One day at noon, while we were putting on our gym clothes and our sneakers in the dressing room to go do our (almost) daily workout, one of my best friends said she found a song that made her think of me. She put it on on her phone but with all the noise there I couldn’t really hear it, so I asked her to give me the name of the song and the artist. She e-mailed me parts of the lyrics later, and I loved them while I read them. I asked for the entire link to share it with Frank, but she refused. I couldn’t understand why, so I kept asking. Then she told me: “Well, it doesn’t end well, so I only want you to read the lyrics I sent you”. I could have never imagined at that point that those lyrics would come to mean so much to me, including the end. It’s Small Bump, performed by Ed Sheeran. It will forever be Sahar’s song. You can find it below.

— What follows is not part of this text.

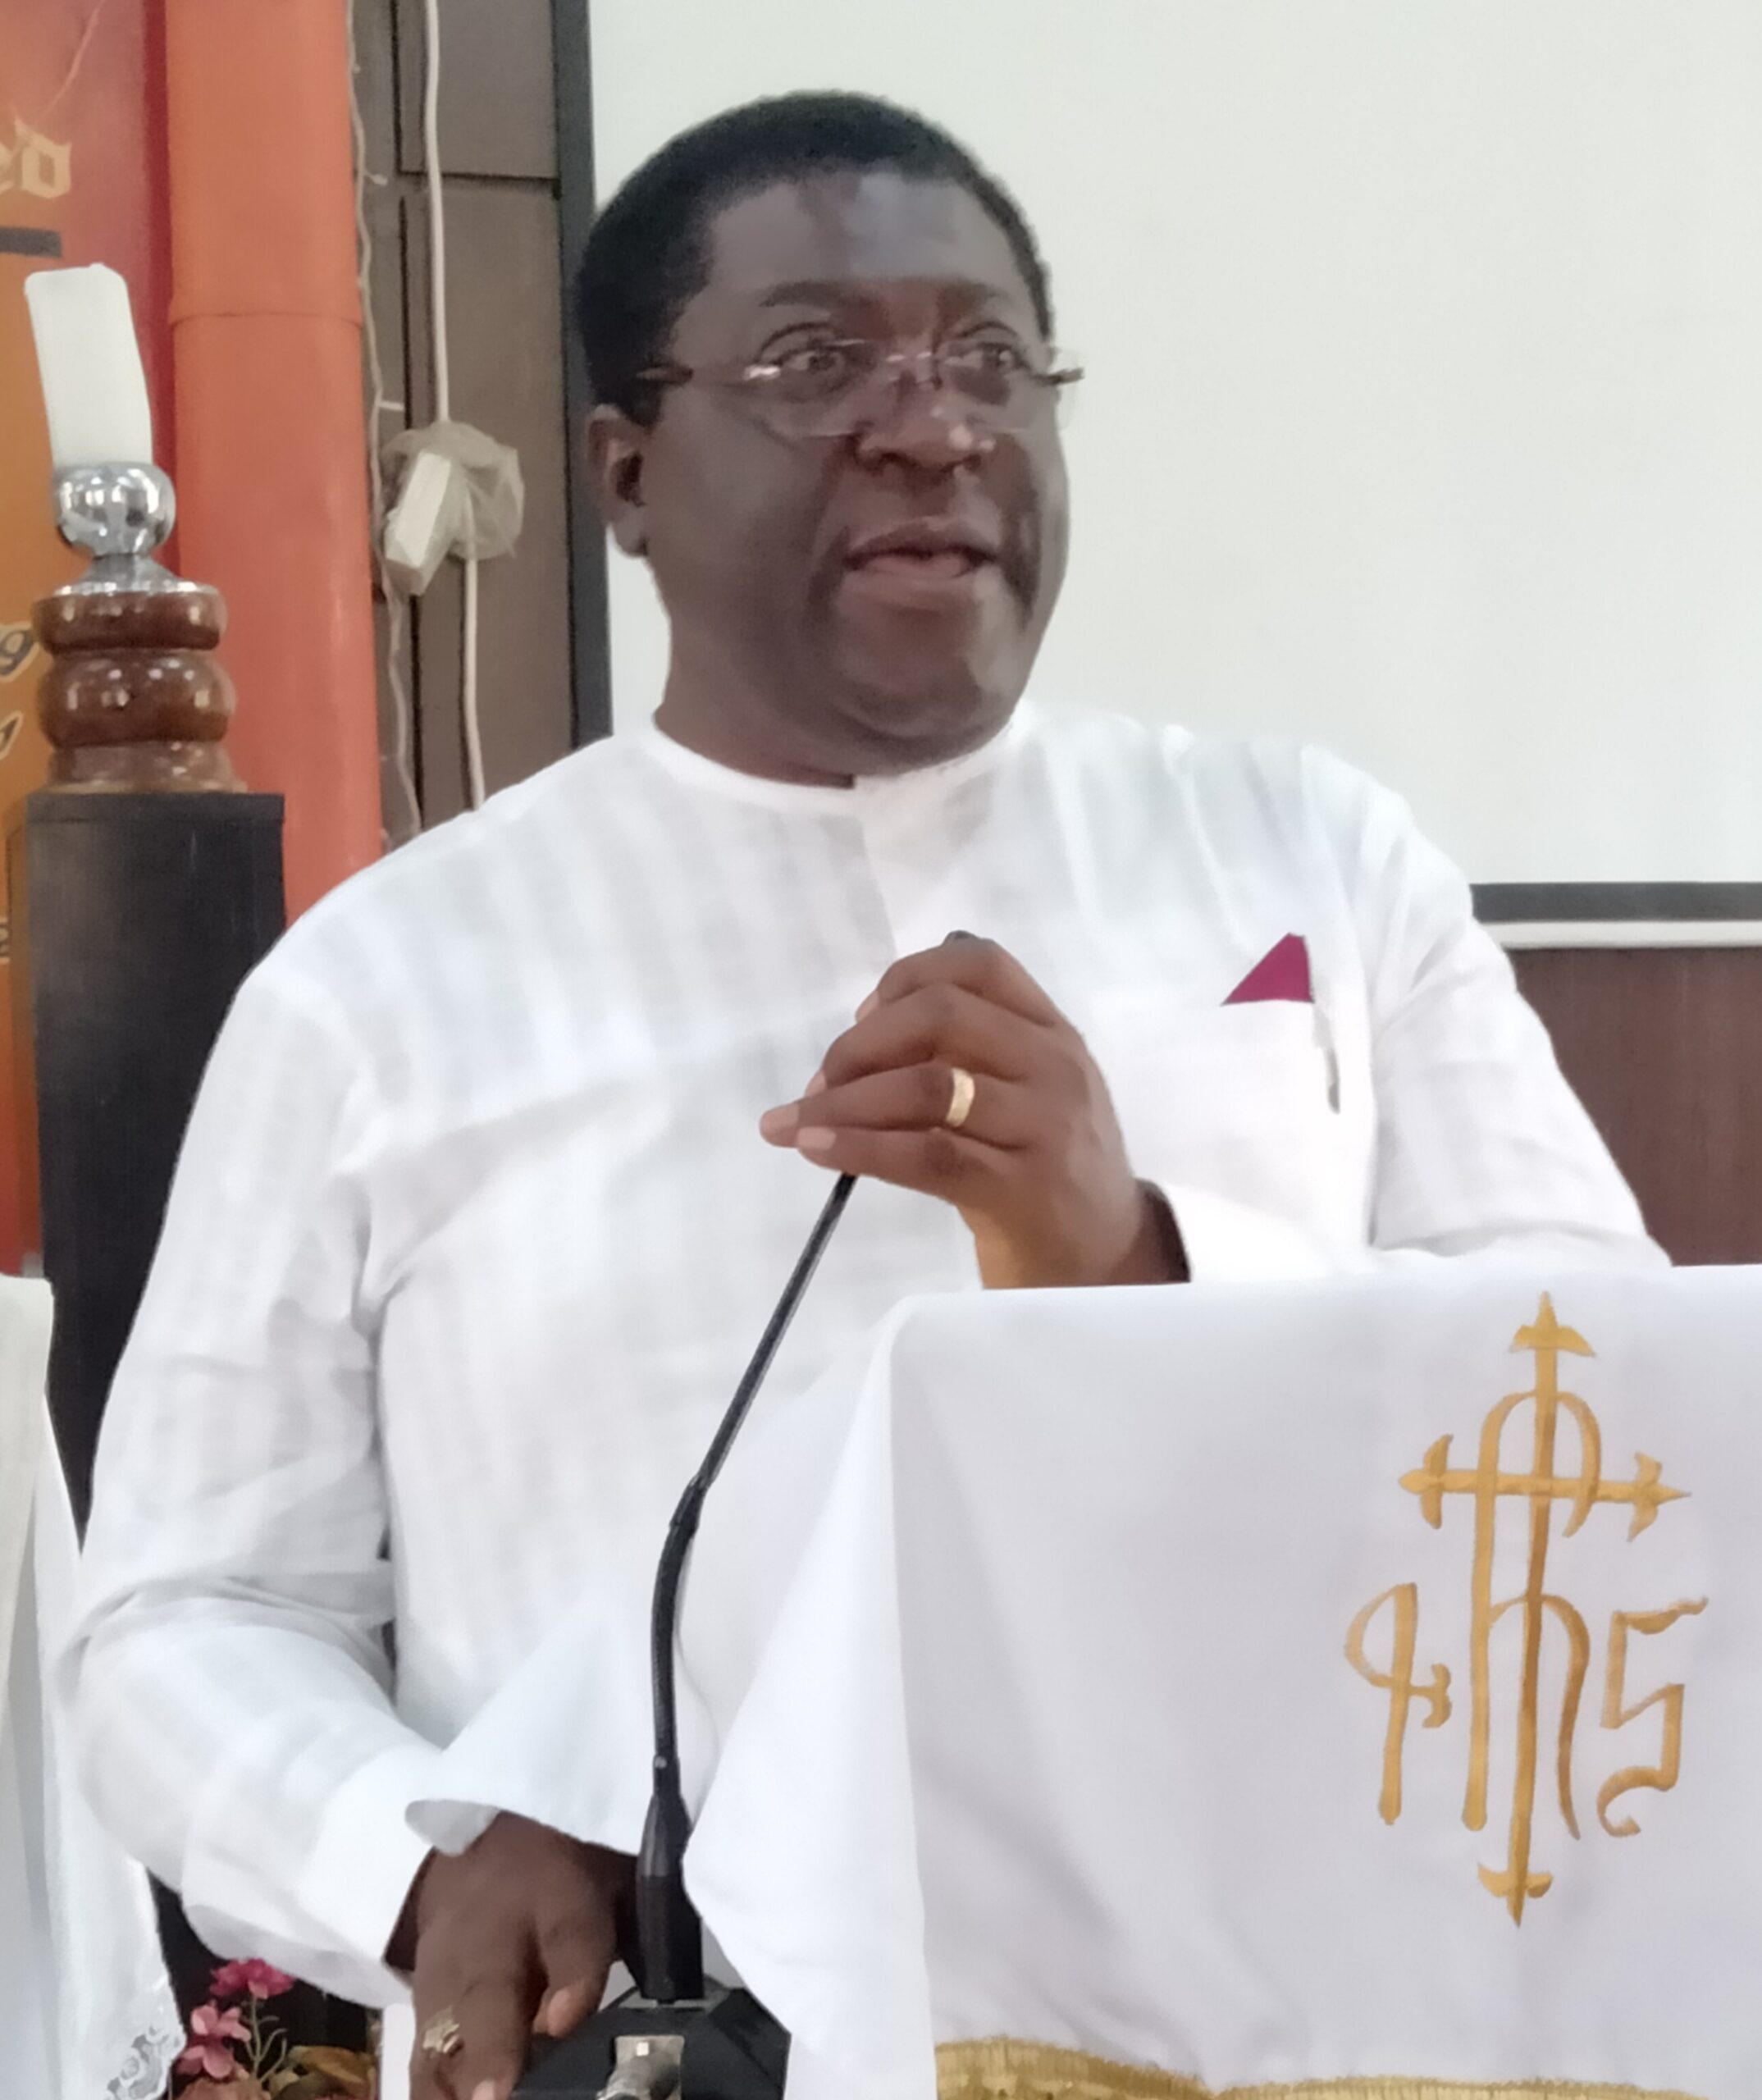 Respect For Press Freedom Will Curb Corruption, Solve Nigeria’s Security Challenges, Says Madumere

One of the shows I loved to watch on TV was Private Practice. I loved this show, the practice, the cast, the fertility doctors, the beautiful babies being born, the happy endings. While I was pregnant I watched the part where Amelia has a baby with a severe condition: it has no brain at all. I remember grabbing my belly while I watched it and reassuring myself that Sahar was okay, and that there was nothing to worry about. After all, I had seen those perfect equal hemispheres of her brain during my last ultrasound. A few weeks later the doctor told us that all her brain tissue was damaged beyond repair.

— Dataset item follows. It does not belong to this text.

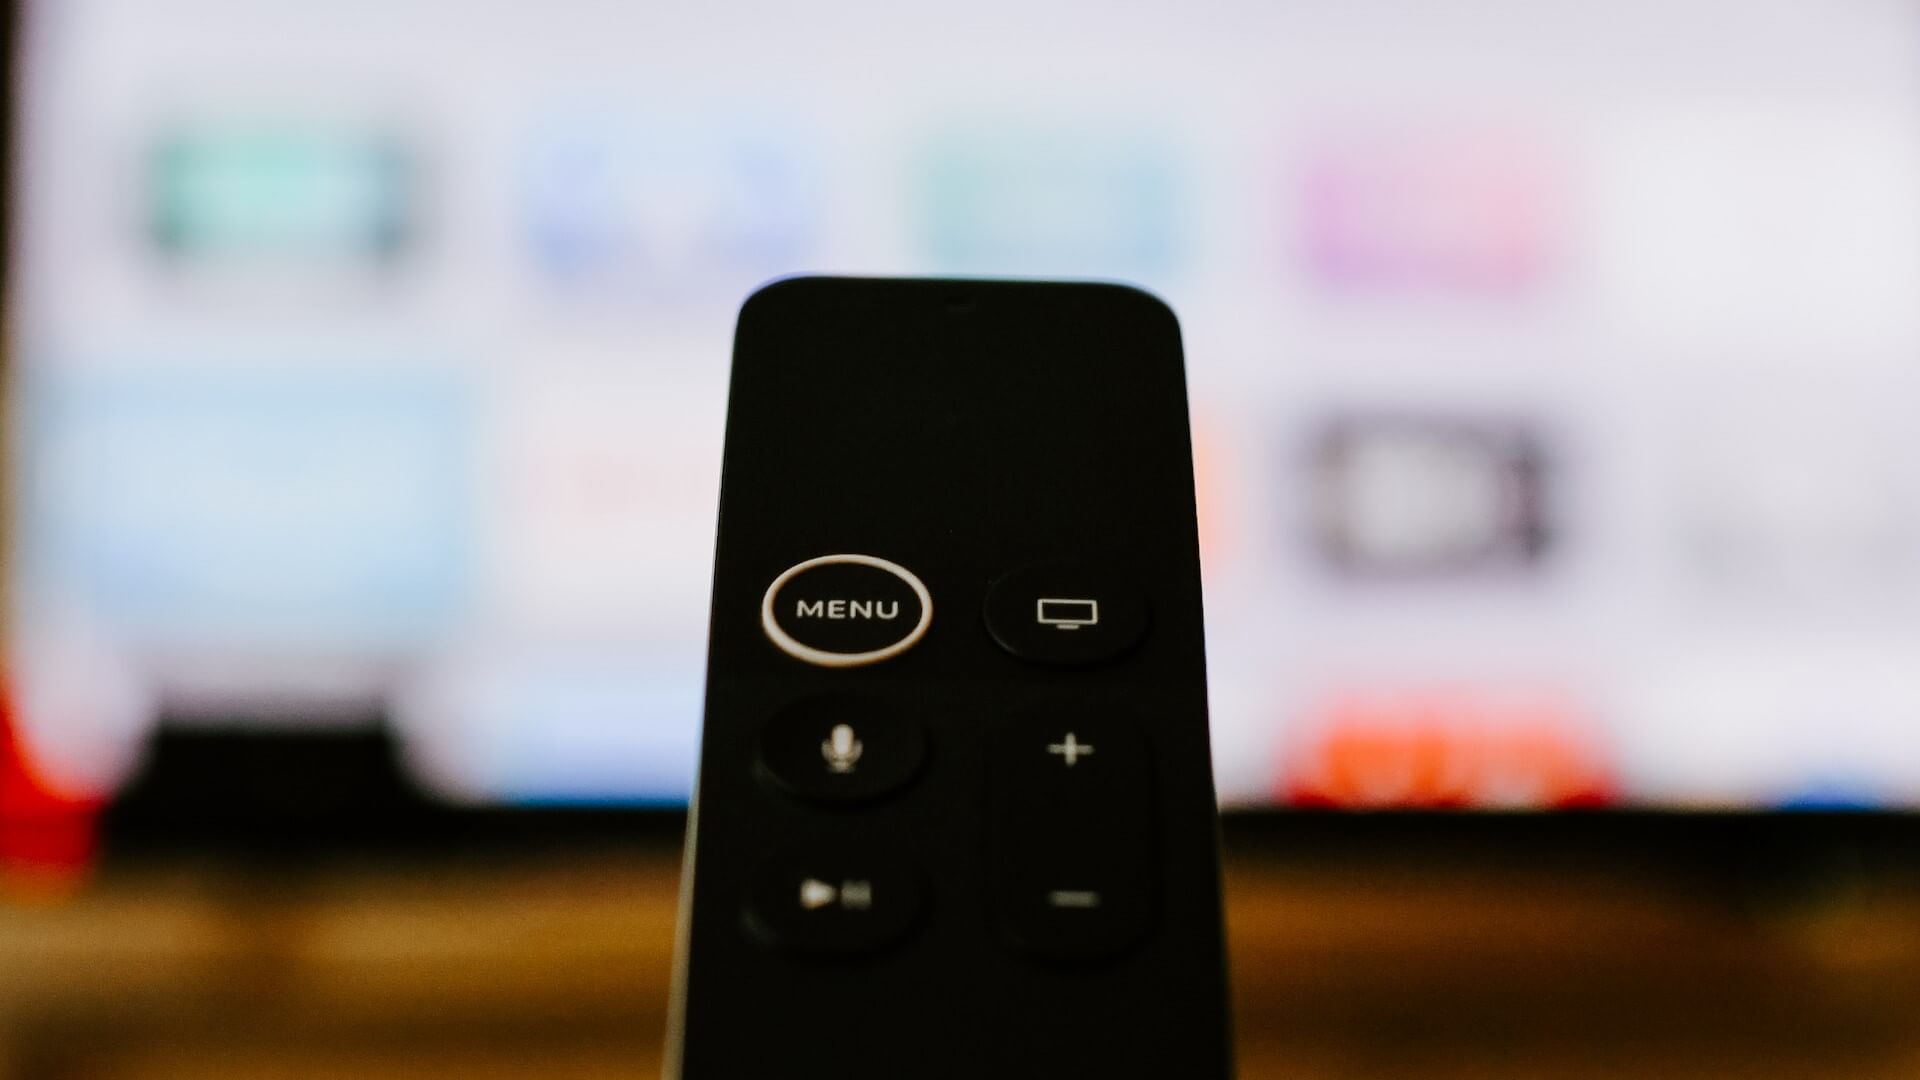 A control remote of a streaming device

A few weeks before we lost Sahar, I was watching a movie on TV. It was about a newly wed couple, that lost a baby just a few months before, struggling in their new normal, their life after loss. They had a beautiful baby girl that died from SIDS a few days after birth. Although it broke my heart to watch it, to see that suffering, to imagine how terrible something like that must be like, I sticked through it, cried with them, and prayed that that would never ever happen to us. Never had I imagined that me and my husband would be going through the same pain just a few weeks after.

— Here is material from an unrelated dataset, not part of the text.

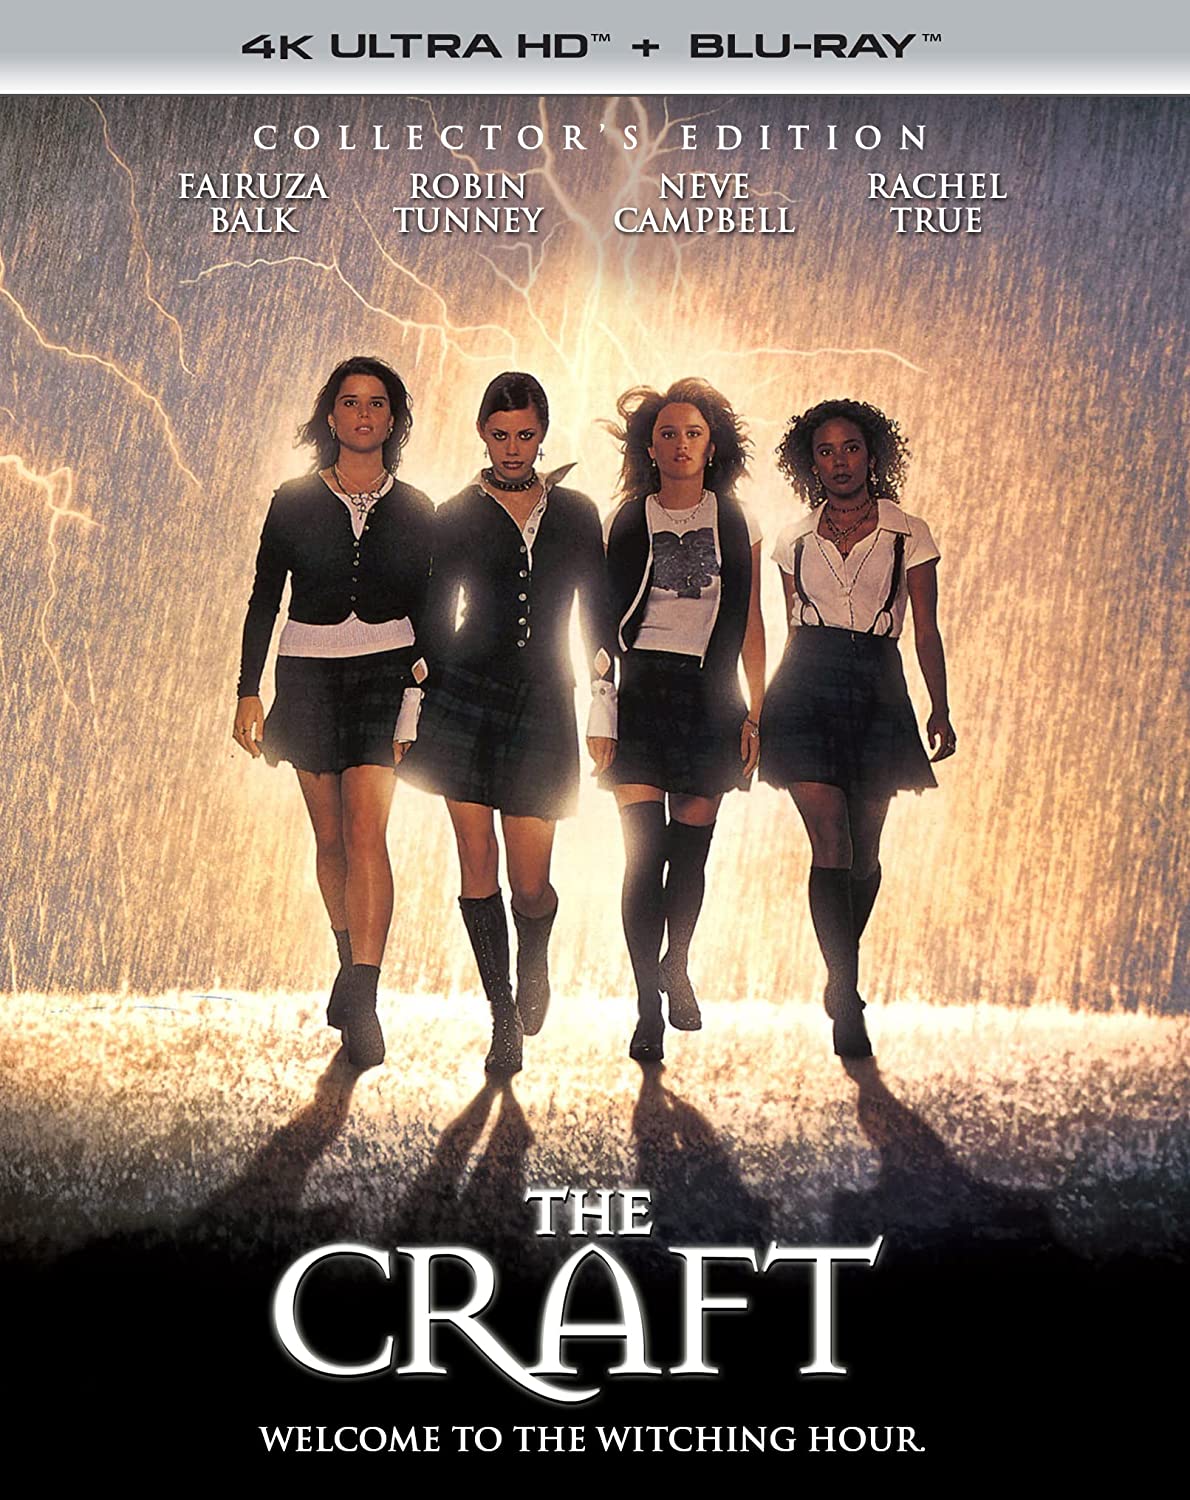 THE CRAFT (COLLECTOR'S EDITION) 4K UHD/BLU-RAY

All these random events, that happened at random times through my pregnancy with Sahar, could be looked at as just coincidences… I know I did. But looking back at everything that happened, I can’t seem to shake the feeling that this entire set of events were somehow related. That they happened for a reason. That they were there to warn me, to prepare me, that something like this might happen to us too. And I completely ignored them. But lightning stroke. And I lost my baby.